= Albert Gjerdrum =

Norwegian jurist

Albert Ehrensvärd Gjerdrum (22 June 1869 – 24 February 1954) was a Norwegian jurist.

He was born in Kristiania as a son of Carl Ferdinand Gjerdrum, nephew of Jørgen and Otto Gjerdrum and grandson of Ole Gjerdrum. Together with Ovidia Kloumann he had the son Carl Ferdinand Gjerdrum, who was killed during the Second World War.

He finished his secondary education in 1888 and took the cand.jur. degree in 1893. He was a deputy judge in Farsund from 1894 to 1895, junior solicitor and attorney from 1895 and lawyer from 1901. He was an attorney for Bøndernes Bank, Arbeidernes Landsbank and Spareskillingsbanken. His law firm was called A. Gjerdrum og C. F. Gjerdrum, and had its offices in the Oslo's main street Karl Johans gate.

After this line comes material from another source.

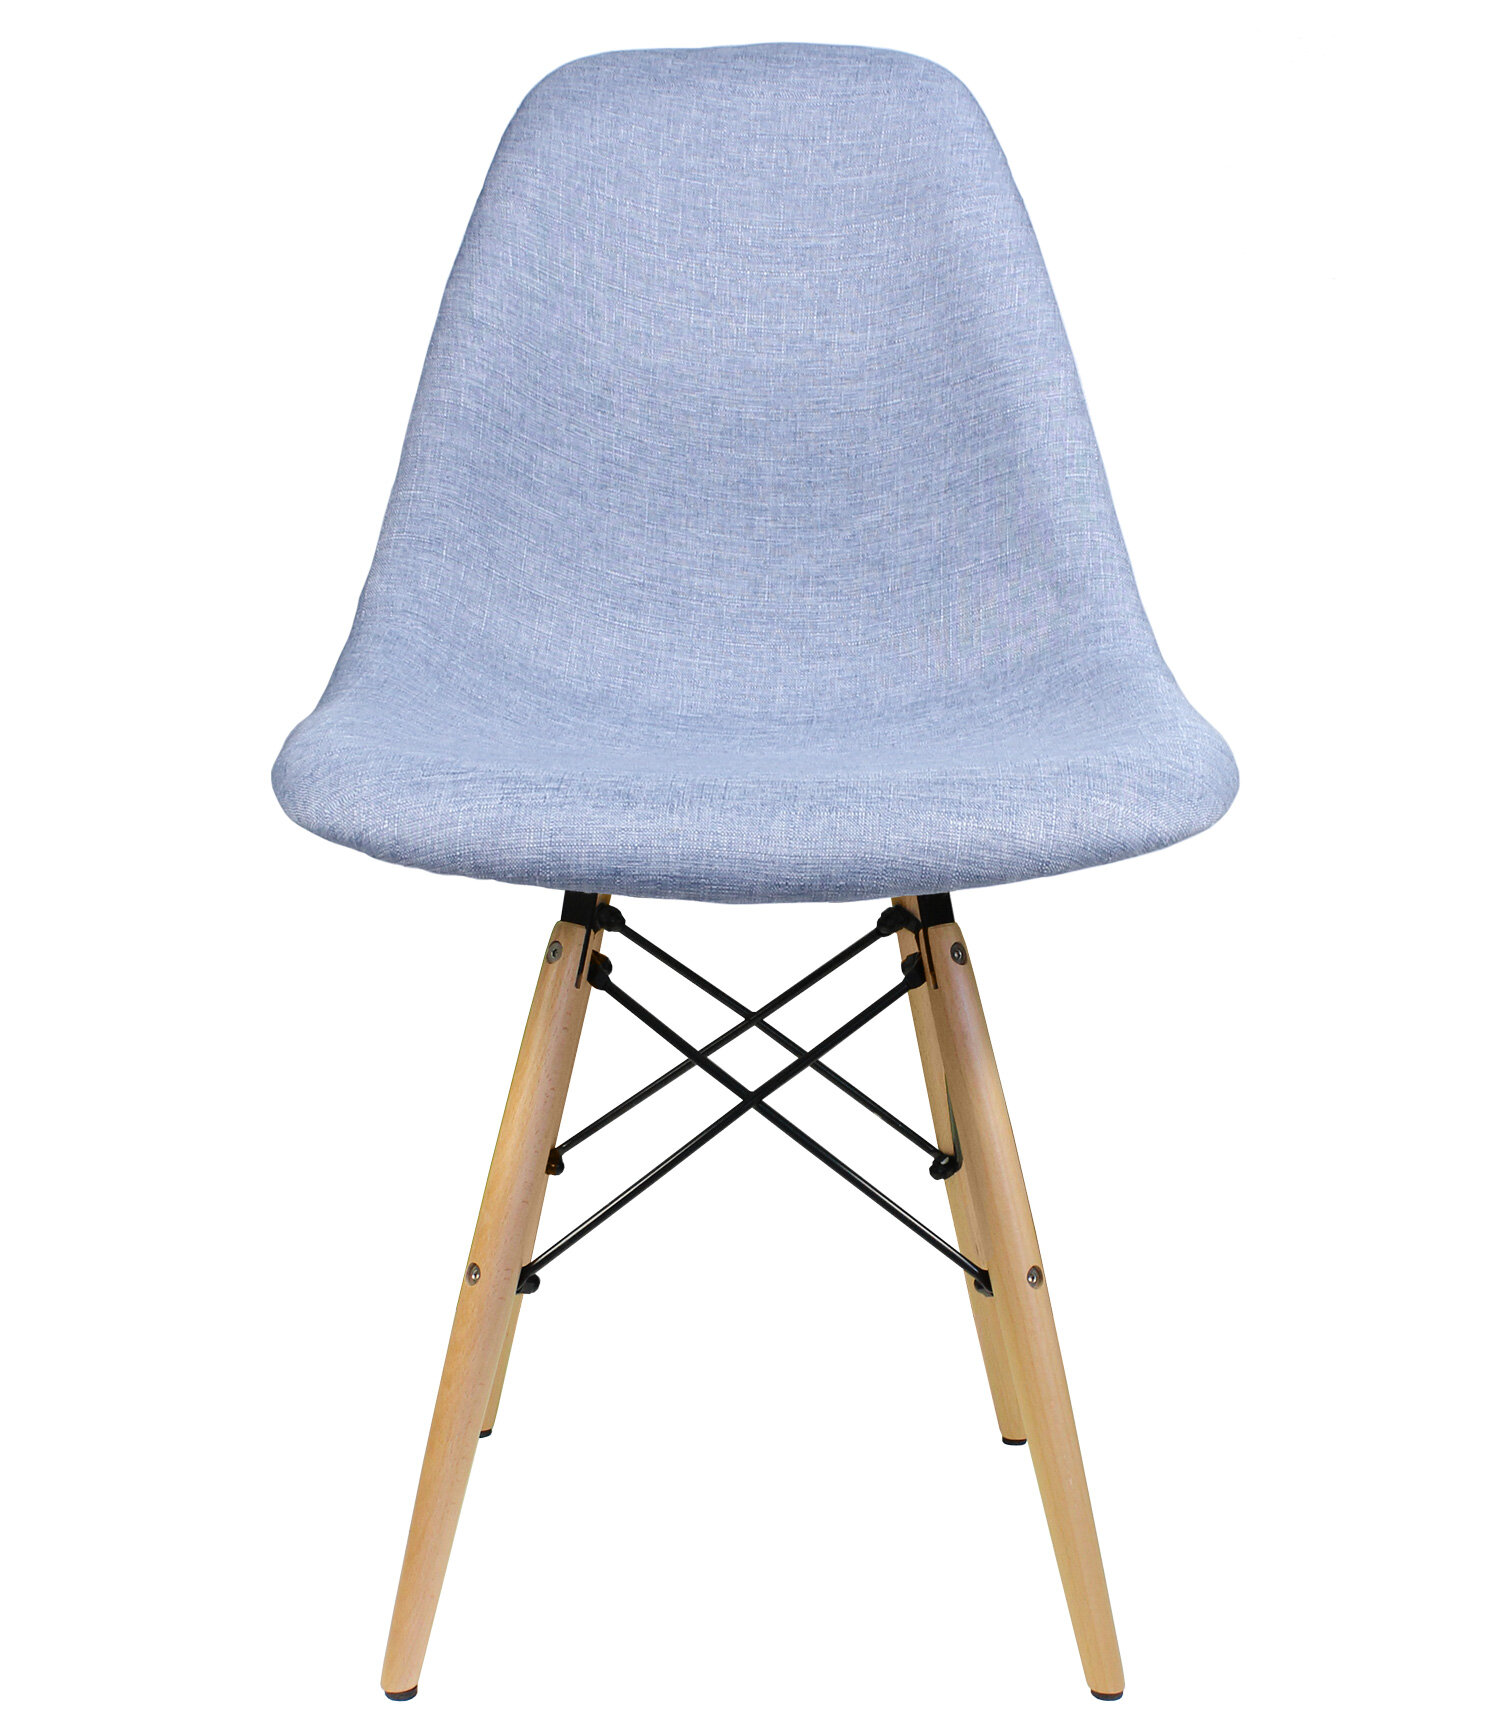 Stupendous Denim Side Chair Cjindustries Chair Design For Home Cjindustriesco

He was also an acting judge in Oslo City Court from 1898 to 1909, and was also a defender in Oslo Court of Appeal. He handled several profiled criminal cases in his time, such as the Mossin case and the Aasheim case. In the 1920s he also lectured in civil law at the Royal Frederick University, and issued the book Utsigt over den nye Civilprosess. He was a board member of the Norwegian Bar Association from 1930, and also a member of public boards and commissions.

He received the King's Medal of Merit in gold in 1947. He died in February 1954.